U.S. taxpayers became major players in the insurance industry Tuesday, thanks to the government’s $85 billion bailout of American International Group.
This follows taxpayers becoming major players in the secondary mortgage industry with the shoring up of Fannie Mae and Freddie Mac last week, and major players in the investment industry through the government-backed sale of Bear Stearns earlier.
Despite these actions, the stock market continued to free-fall Wednesday, the credit crisis worsened and U.S. taxpayers must wonder what business they’ll be asked to bailout next.
As massive as it was, we support the federal involvement in AIG. Unlike Lehman Brothers, the investment firm that federal authorities refused to help over the weekend, AIG’s problems could have an impact on far more than its shareholders. Everyone insured by the company, from large corporations to individuals, could be harmed if the company went bankrupt.

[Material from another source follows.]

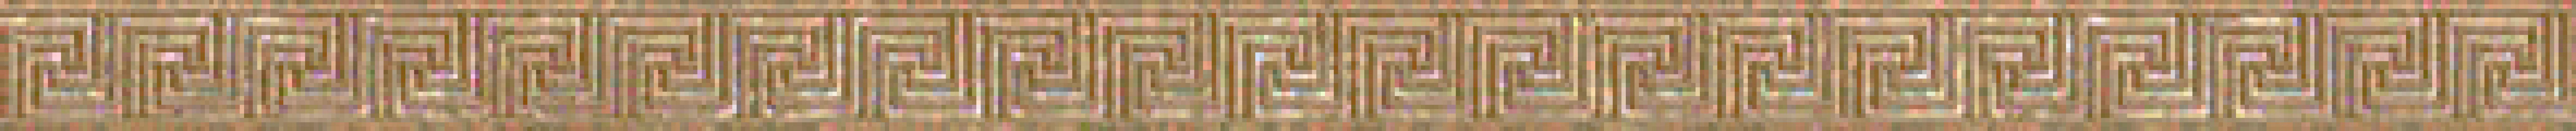 7 2x50

It should be noted that AIG’s insurance operation is still profitable, according to The Wall Street Journal. Its financial problems stem from leveraging its assets to invest in other things.
That’s the problem facing many financial firms today. They moved beyond their primary business, borrowing heavily against their assets, to invest in things like real estate and mortgages that seemed like easy money at the time.
Members of both parties encouraged and even assisted them by easing restrictions on how and where they could invest.
But hindsight is always 20/20. The question is what to do now.
There are calls for creating something like the Resolution Trust Corp. of the 1980s to stabilize the mortgage industry, and that certainly makes sense. So do stricter rules limiting borrowing-to-asset rules for financial institutions.
And authorities must be prepared to let more companies fail. Aiding a company like AIG is an exception.
Taxpayers can’t afford to bail out every firm whose managers made poor decisions.